The Israeli military has denied any such intention, and Prime Minister Benjamin Netanyahu has said he does not want to reverse the 2005 withdrawal of settlers from Gaza. Hardliners in his government have talked openly about going back.
It said forces have killed hundreds of Hamas militants in Jabalia, Beit Lahiya and Beit Hanoun during its new military offensive, which began more than a month ago. Hamas and the Islamic Jihad armed wing claimed killing several Israeli soldiers during ambushes and anti-tank rocket fire.
Attacks across Gaza Strip continue
Medics said five people were killed in an Israeli strike that hit a group of people outside Kamal Adwan Hospital near Beit Lahiya, while five others were killed in two separate strikes in Nuseirat in central Gaza Strip where the army began a limited raid two days ago.
In Rafah, near the border with Egypt, one man was killed and several others were wounded in an Israeli airstrike, while three Palestinians were killed in two separate Israeli airstrikes in Shejaia suburb of Gaza City, medics added.
Later on Wednesday, an Israeli strike on a house in western Khan Younis in the southern Gaza Strip killed eight people, medics said.

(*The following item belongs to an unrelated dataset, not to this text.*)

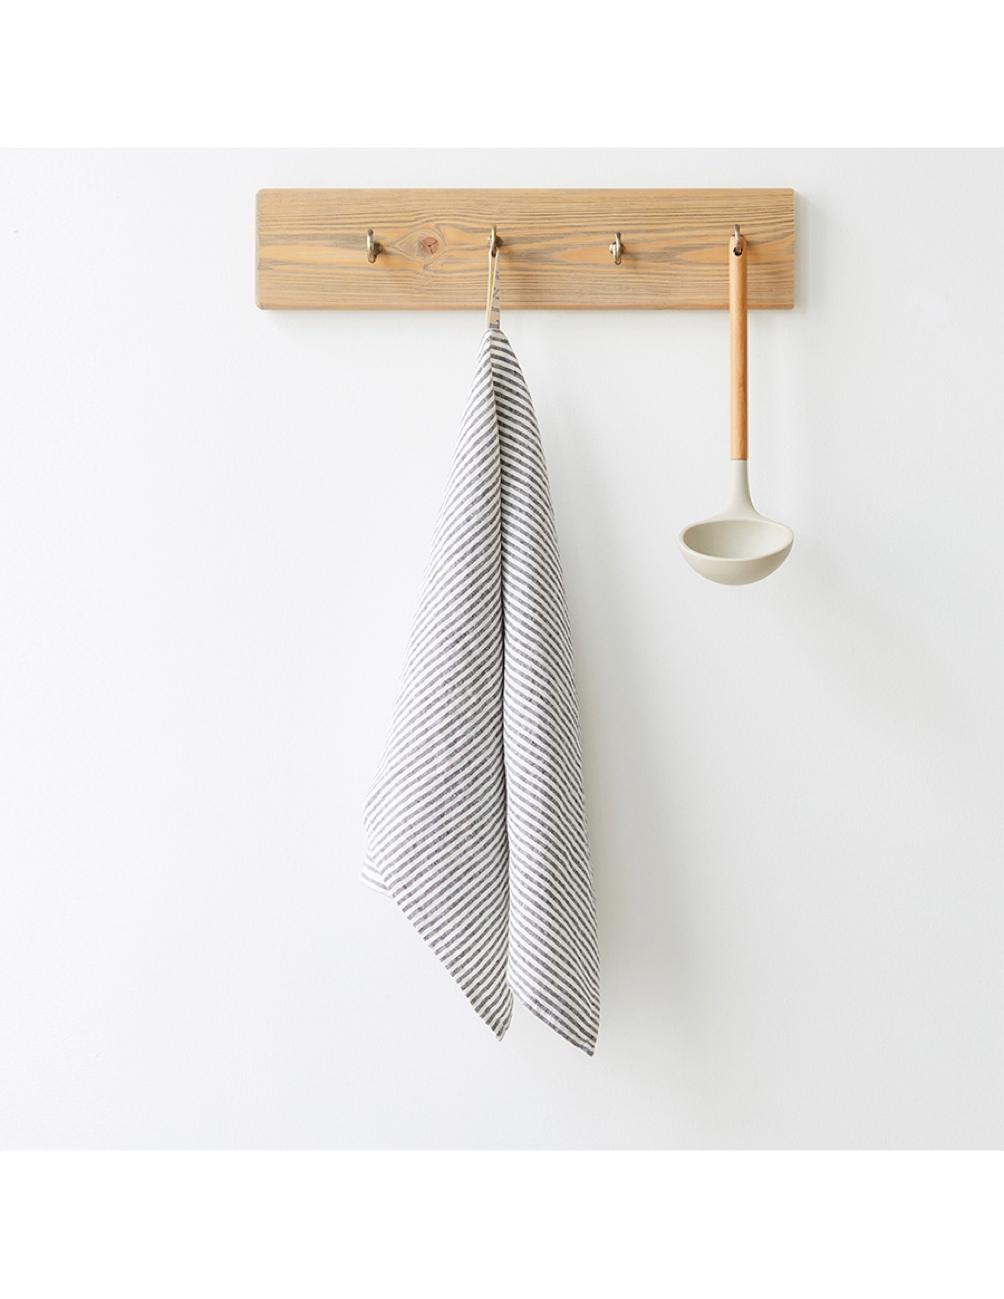 Handmade kitchen towel white black striped linnen

Hamas-led gunmen attacked Israel last October, killing some 1,200 people and taking more than 250 hostages, according to Israeli tallies.
More than 43,500 Palestinians have been killed in Gaza over the past year, Palestinian health officials say, and much of Gaza has been reduced to a wasteland of wrecked buildings and piles of rubble, where more than two million Gazans are seeking shelter in makeshift tents and facing shortages of food and medicines.